Since only the written part is wanted, repeat the records exactly and omit the pictures.

[Dataset items]
=-=-=-=-=
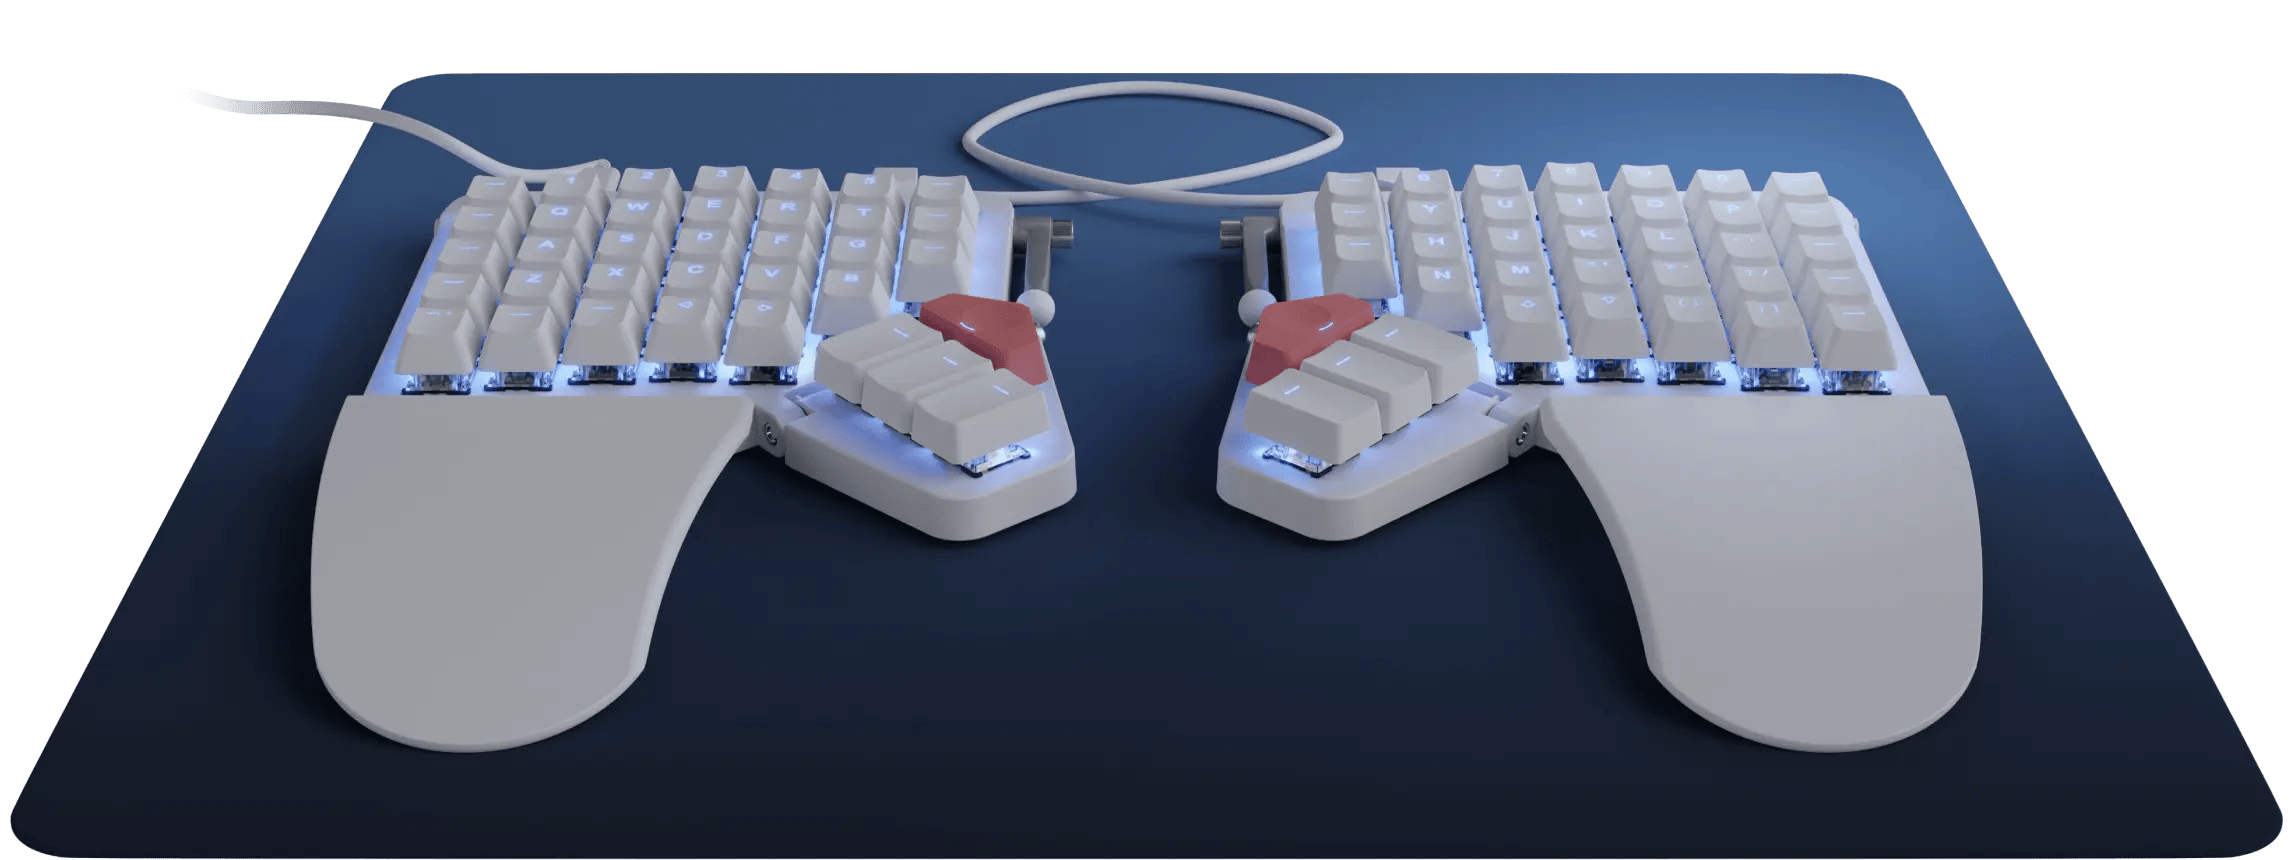 Moonlander Mark I Keyboard White Color
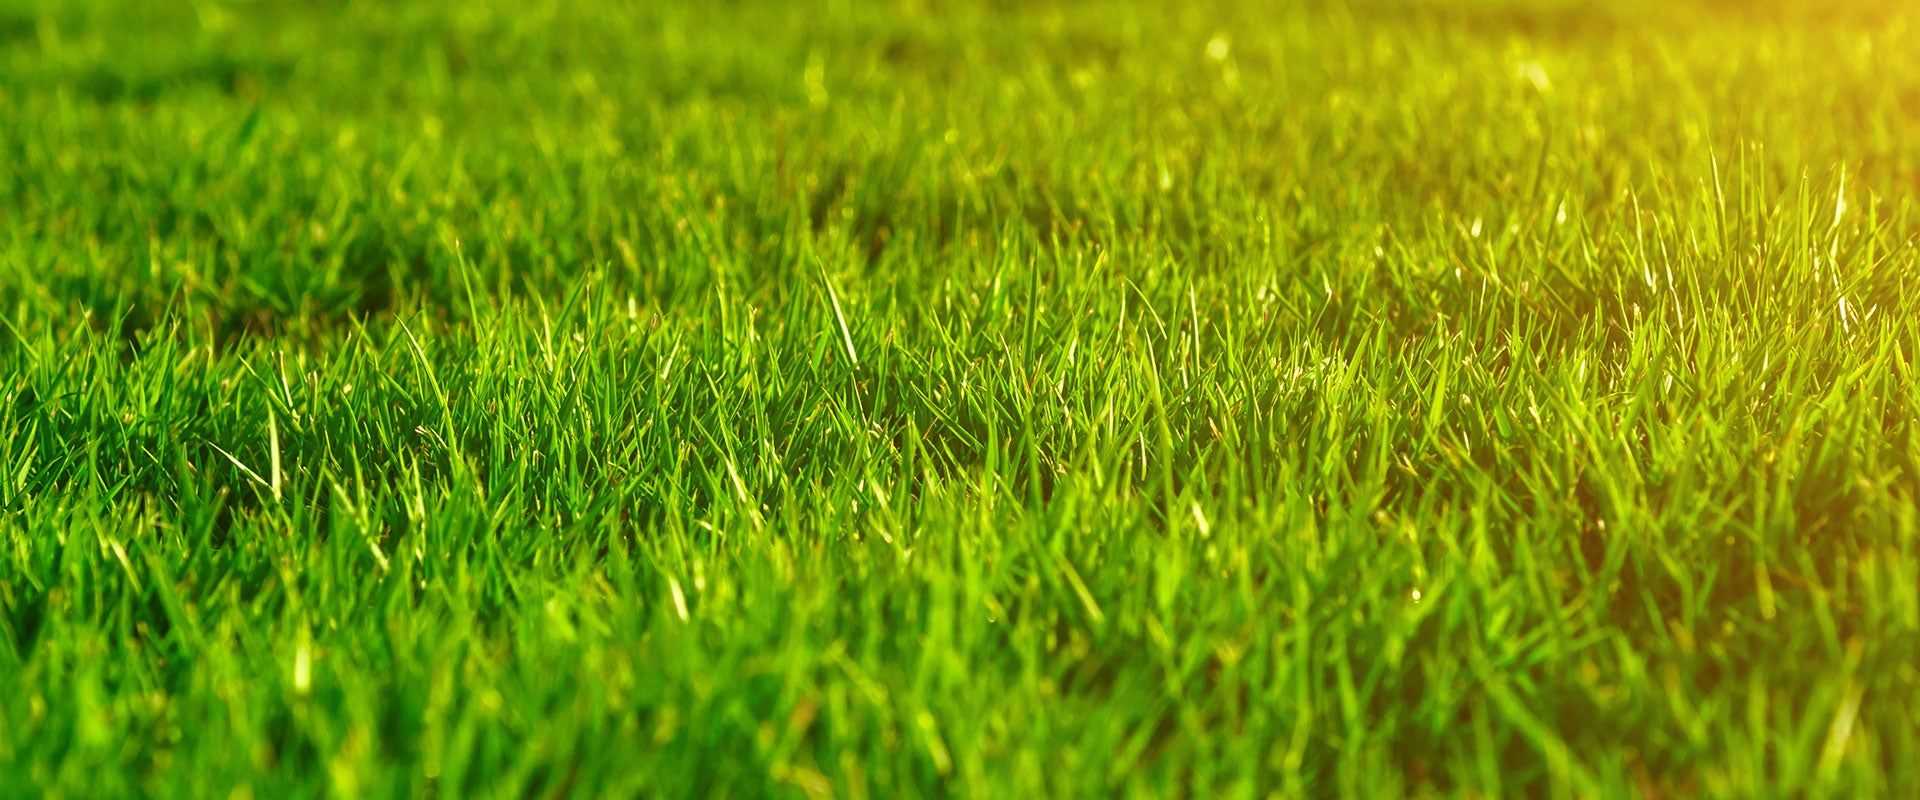 beautiful green grass
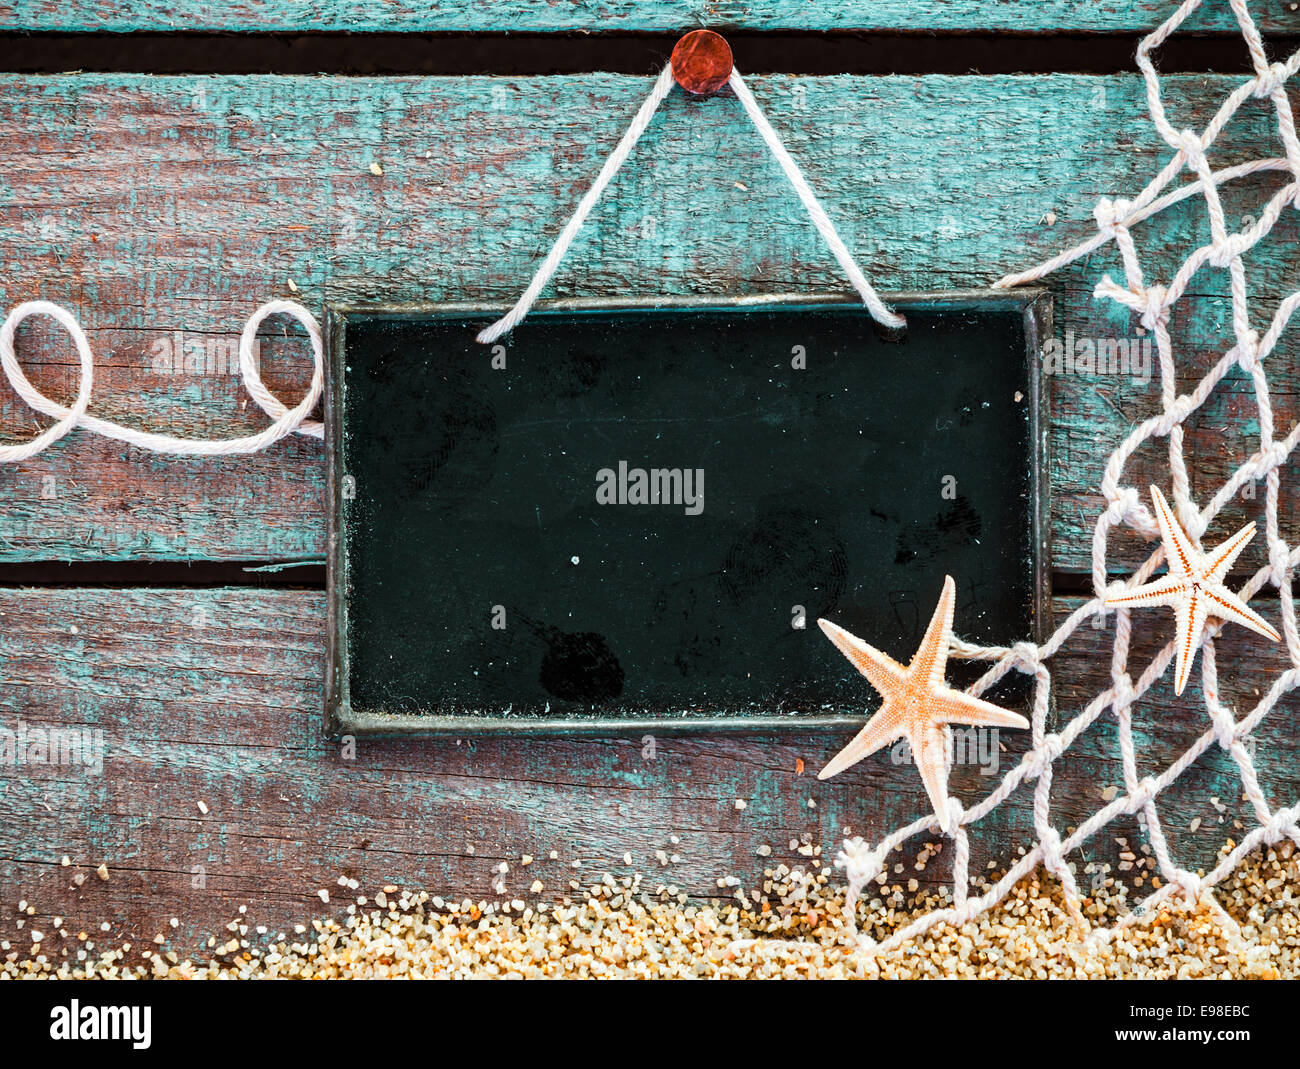 Todavía la vida marina con una pizarra en blanco letrero con copyspace para su texto, menú o anuncio decorado con red de pesca y Starfish sobre tablas de madera pintadas de azul sobre la arena del mar Foto de stock
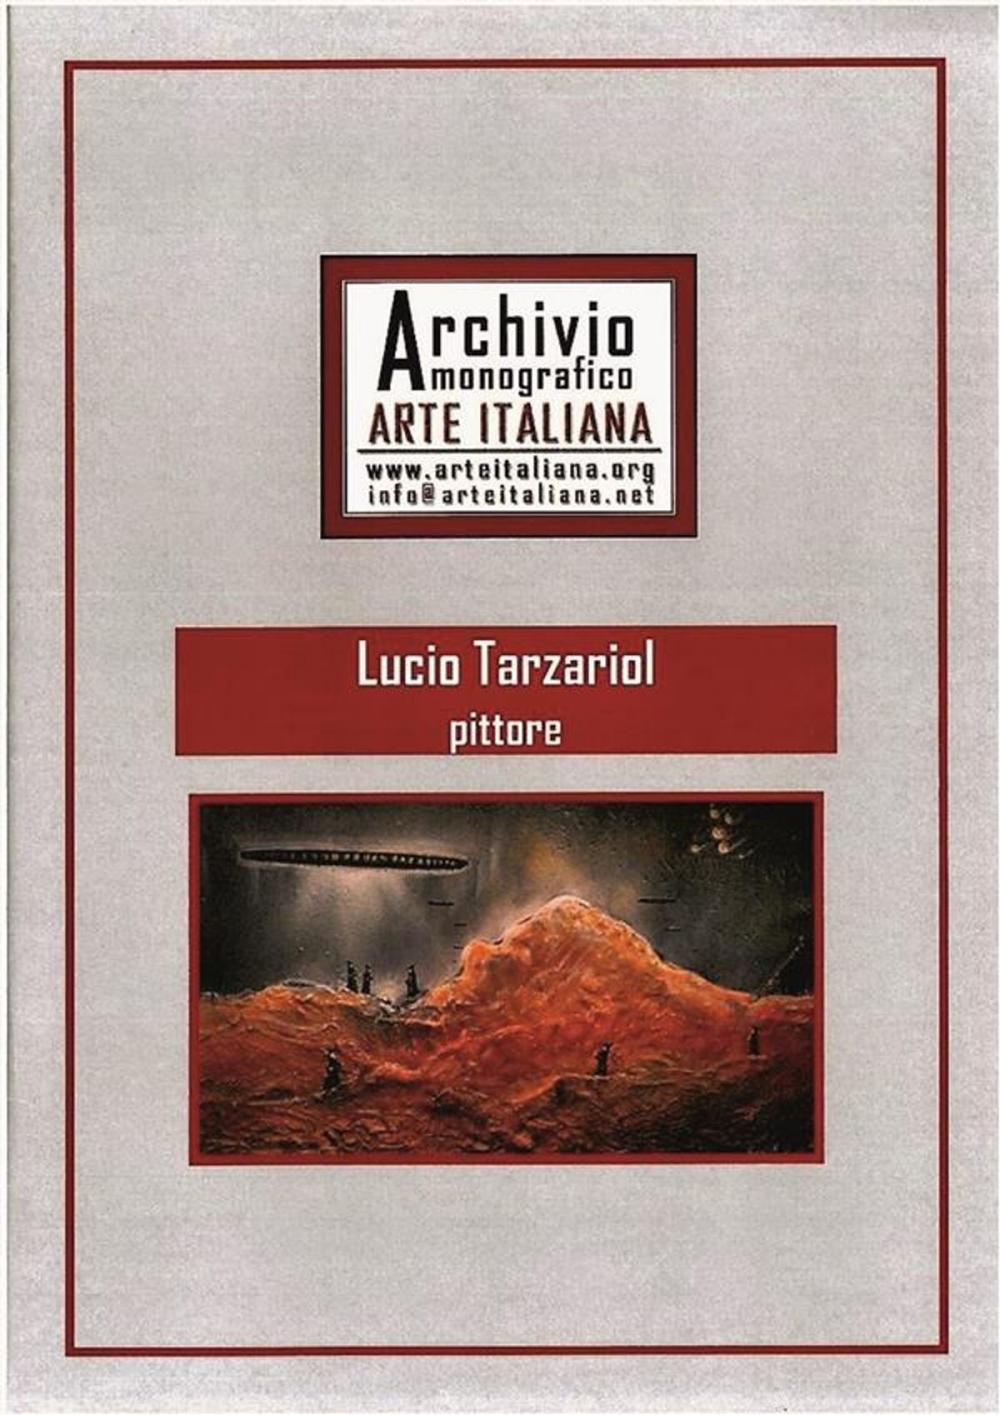 Big bigCover of Artista Lucio Tarzariol da Castello Roganzuolo - Archivio Monografico Arte Italiana
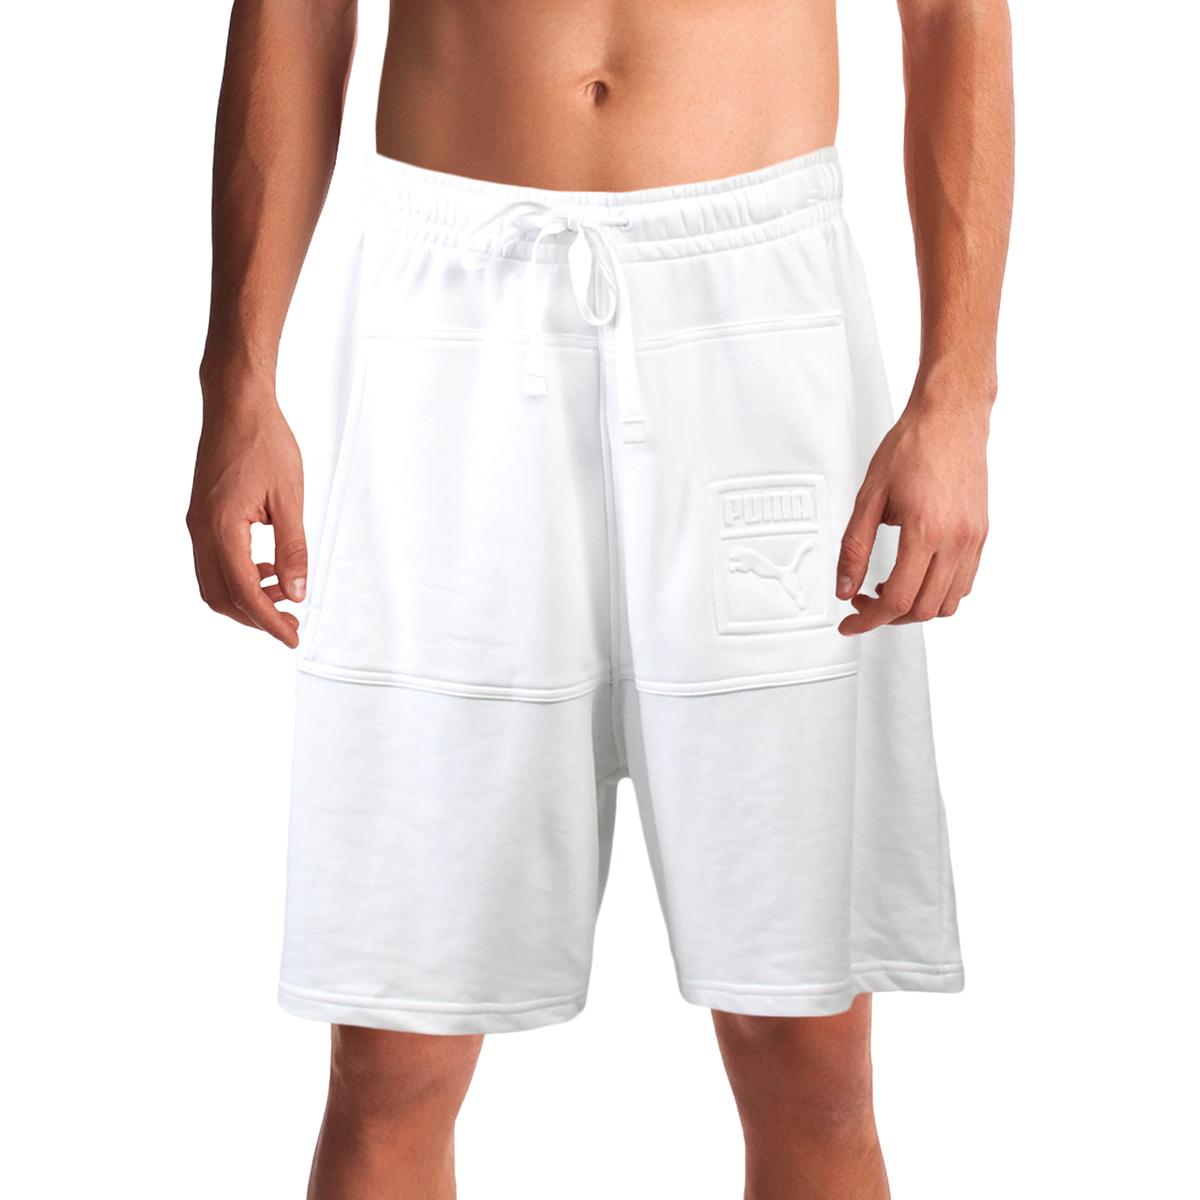 puma workout shorts
=-=-=-=-=
PROBLEM SOLUTION
 Moonlander Mark I Keyboard White Color
 beautiful green grass
 Todavía la vida marina con una pizarra en blanco letrero con copyspace para su texto, menú o anuncio decorado con red de pesca y Starfish sobre tablas de madera pintadas de azul sobre la arena del mar Foto de stock
 Big bigCover of Artista Lucio Tarzariol da Castello Roganzuolo - Archivio Monografico Arte Italiana
 puma workout shorts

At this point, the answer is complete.